Activity. Repeat exactly the lines of the material below that run from the "A girl designated" line to the "The famous bridge" line, including both, and do not carry over any pictures.

Data provided.

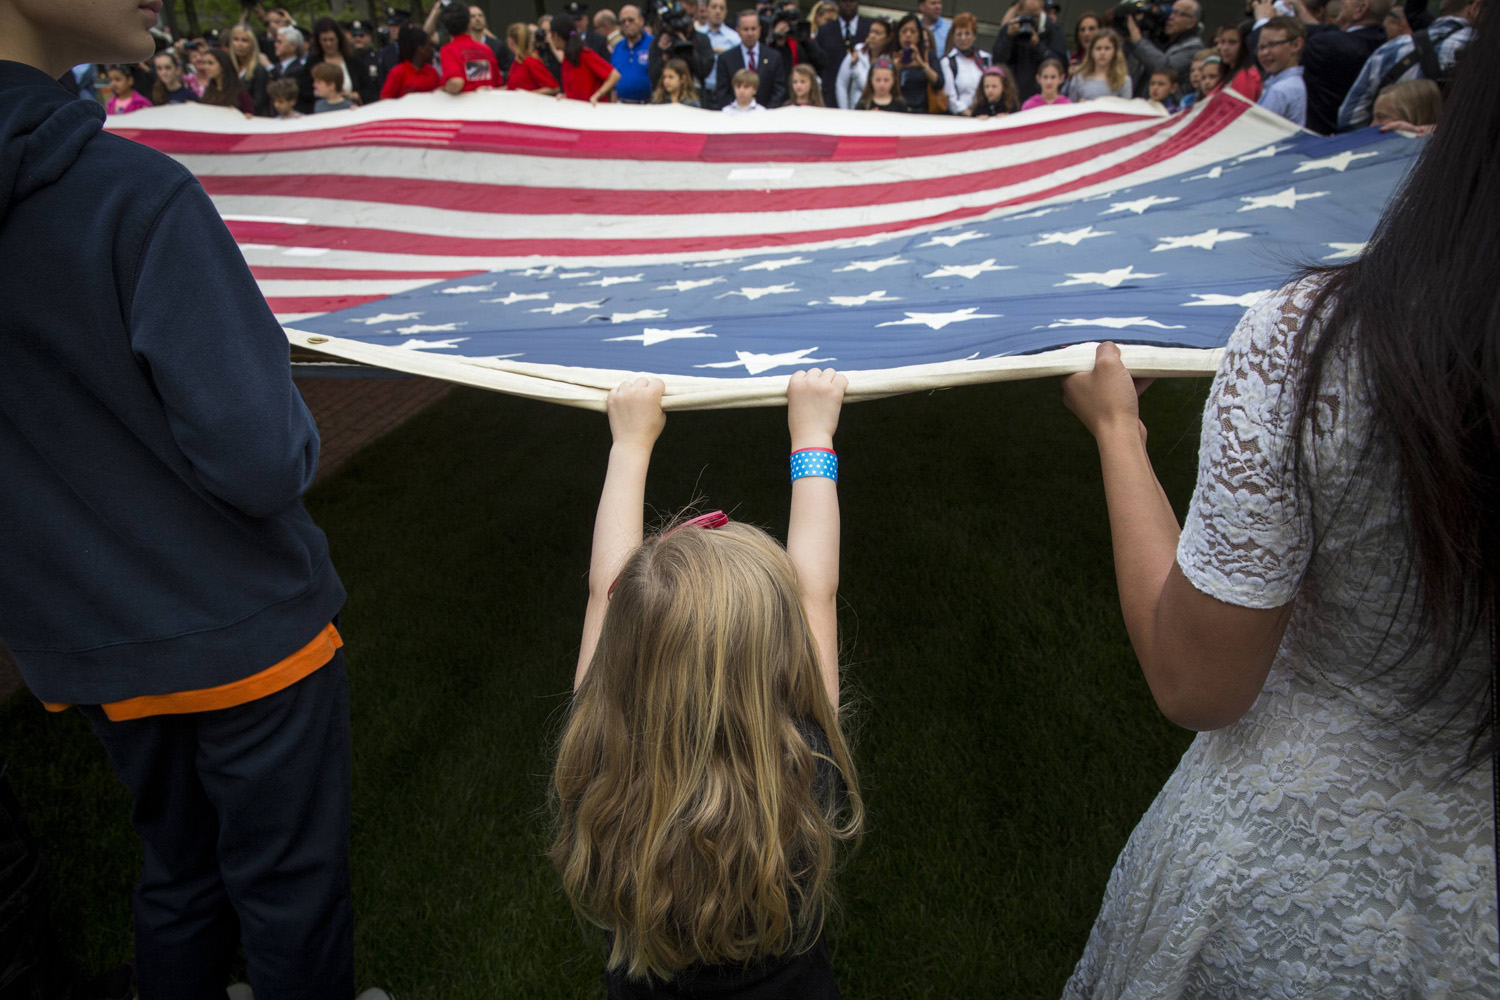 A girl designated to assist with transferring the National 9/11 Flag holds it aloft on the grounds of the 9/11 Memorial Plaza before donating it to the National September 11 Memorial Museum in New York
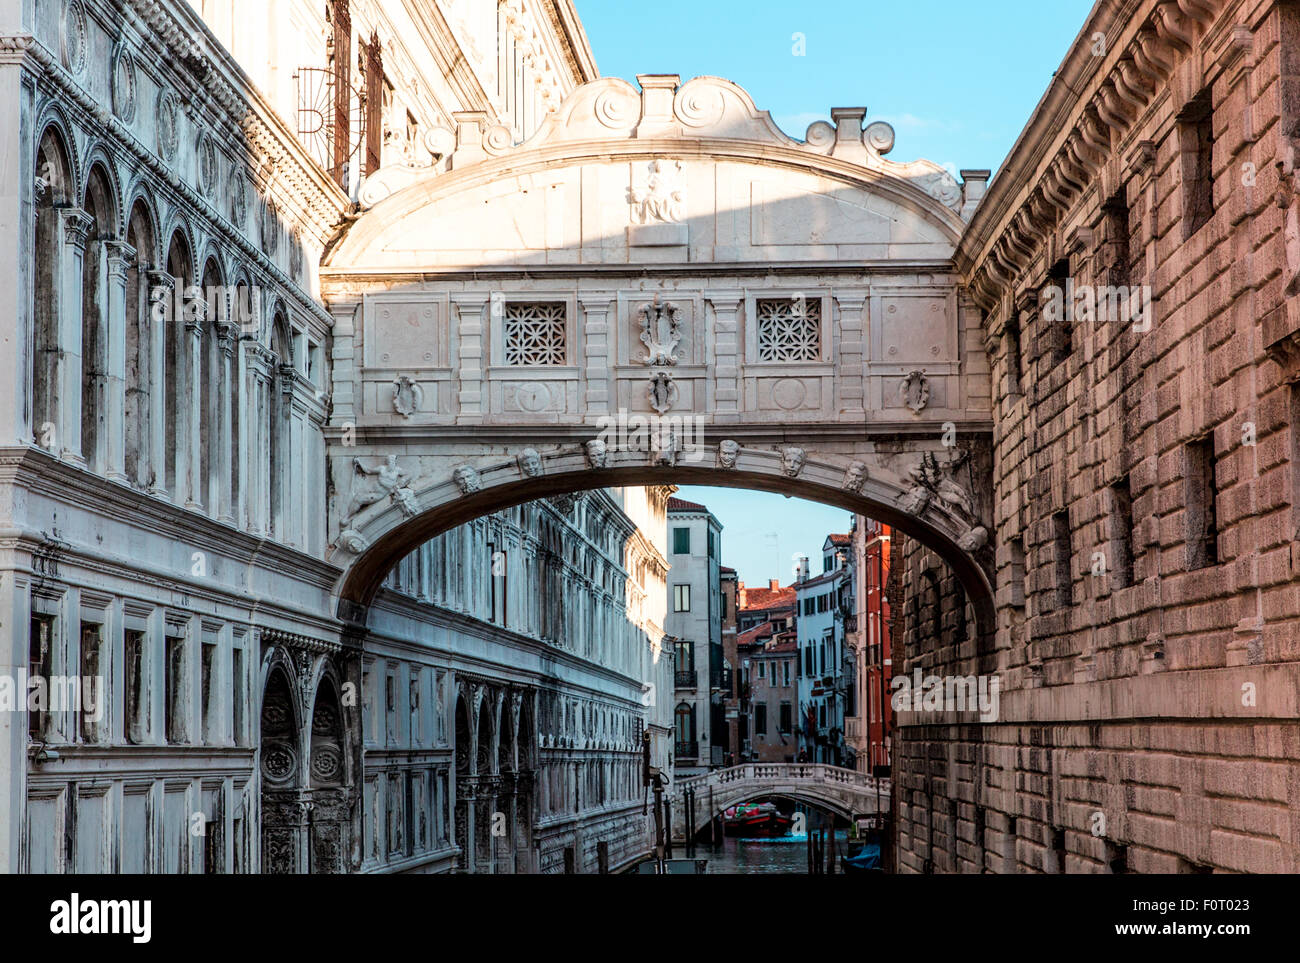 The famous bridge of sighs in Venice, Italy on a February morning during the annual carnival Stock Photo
---
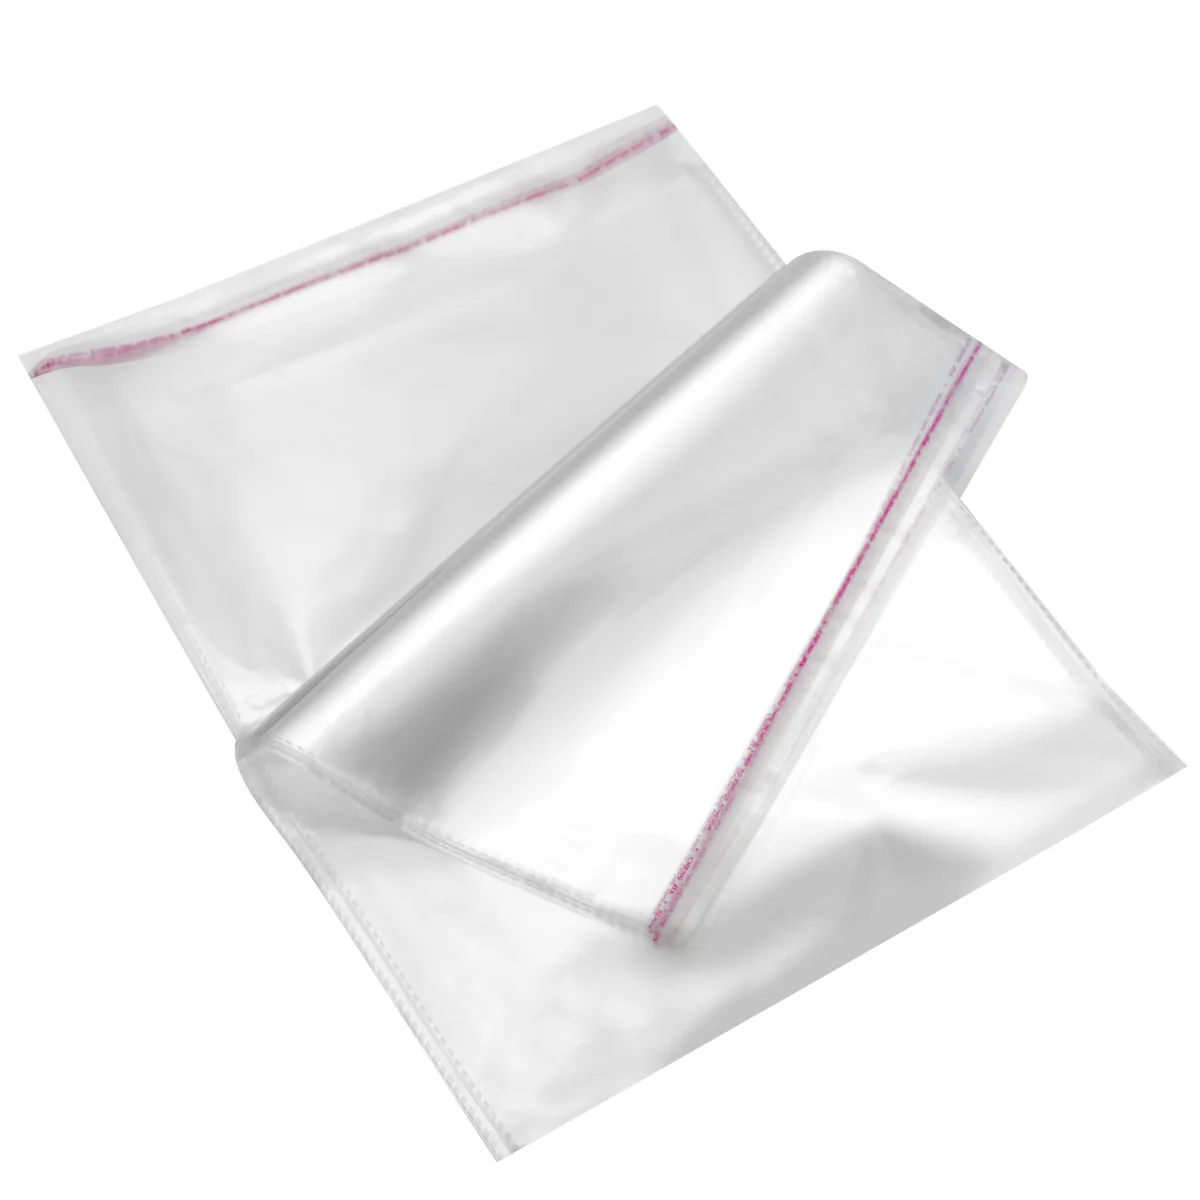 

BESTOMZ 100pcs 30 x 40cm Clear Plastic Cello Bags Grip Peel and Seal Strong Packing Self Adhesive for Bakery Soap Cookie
==
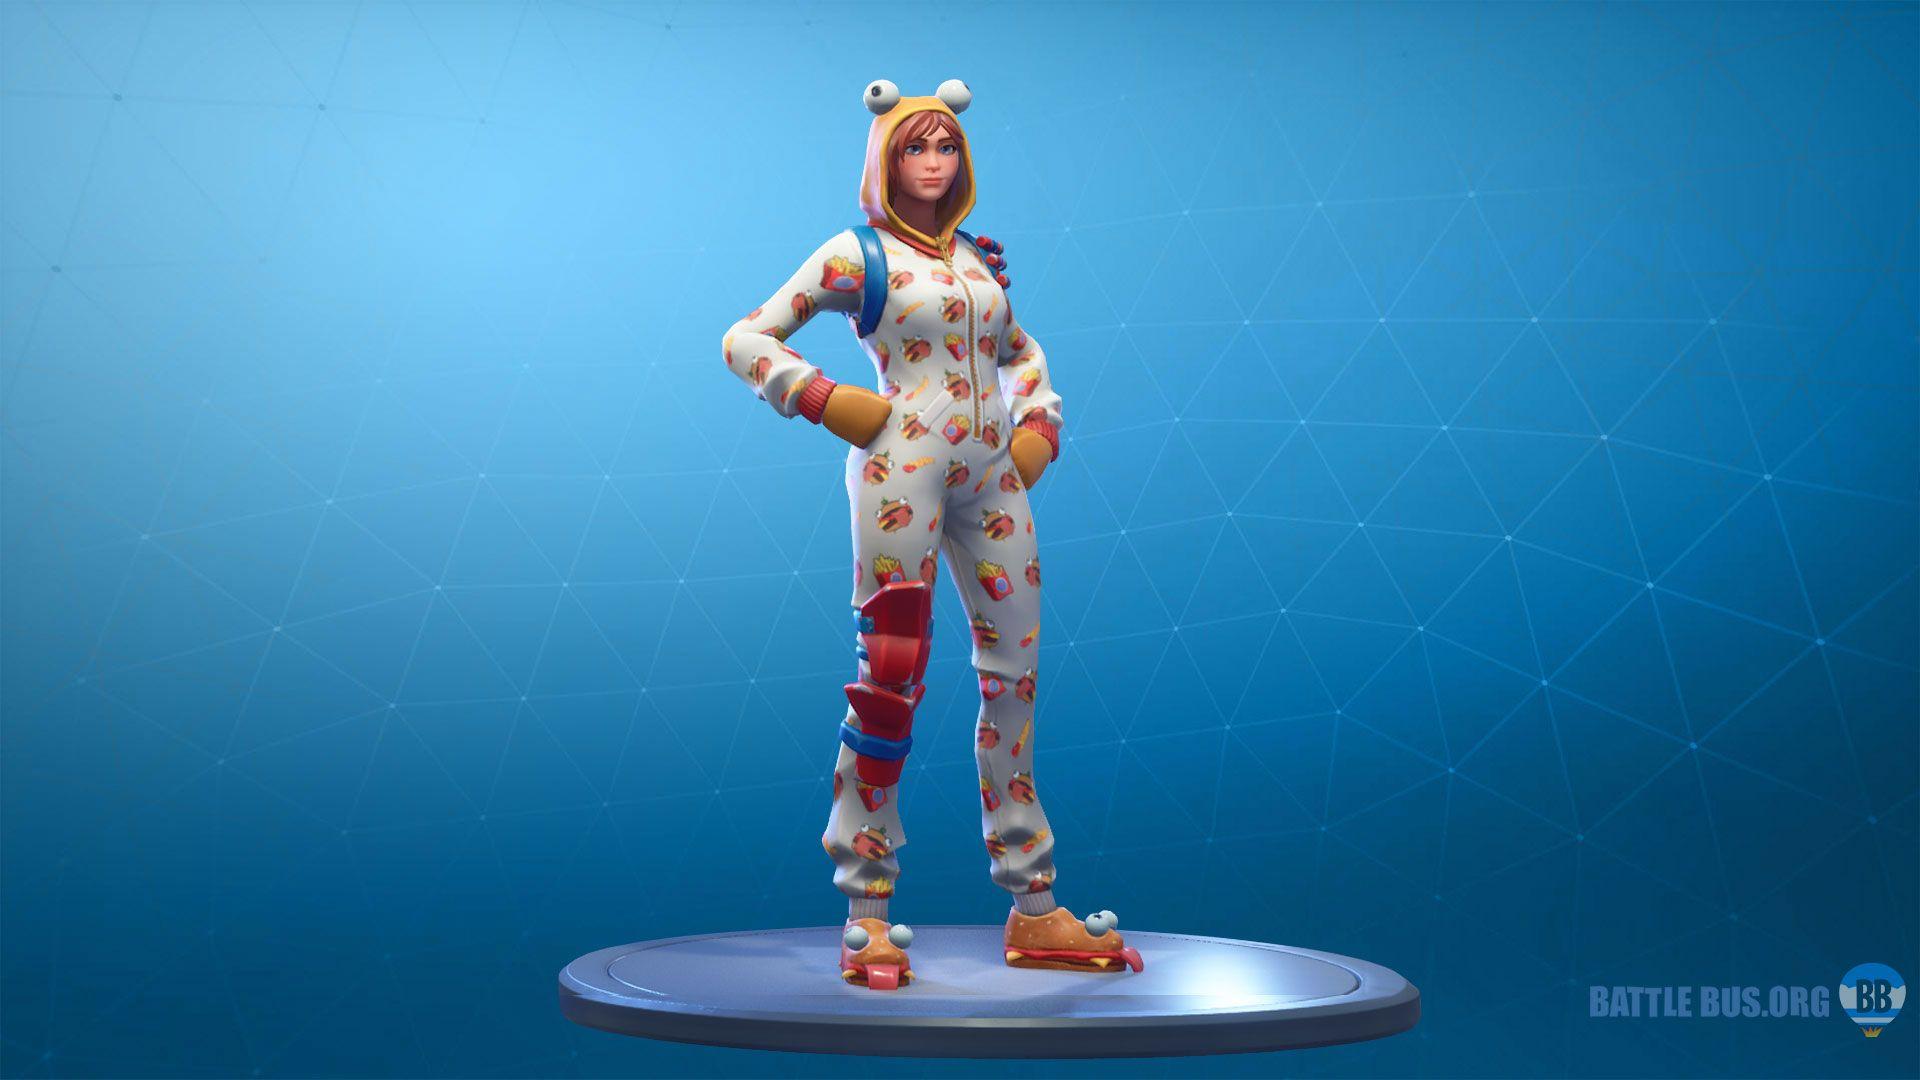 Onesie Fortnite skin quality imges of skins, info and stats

Reply.
 A girl designated to assist with transferring the National 9/11 Flag holds it aloft on the grounds of the 9/11 Memorial Plaza before donating it to the National September 11 Memorial Museum in New York
 The famous bridge of sighs in Venice, Italy on a February morning during the annual carnival Stock Photo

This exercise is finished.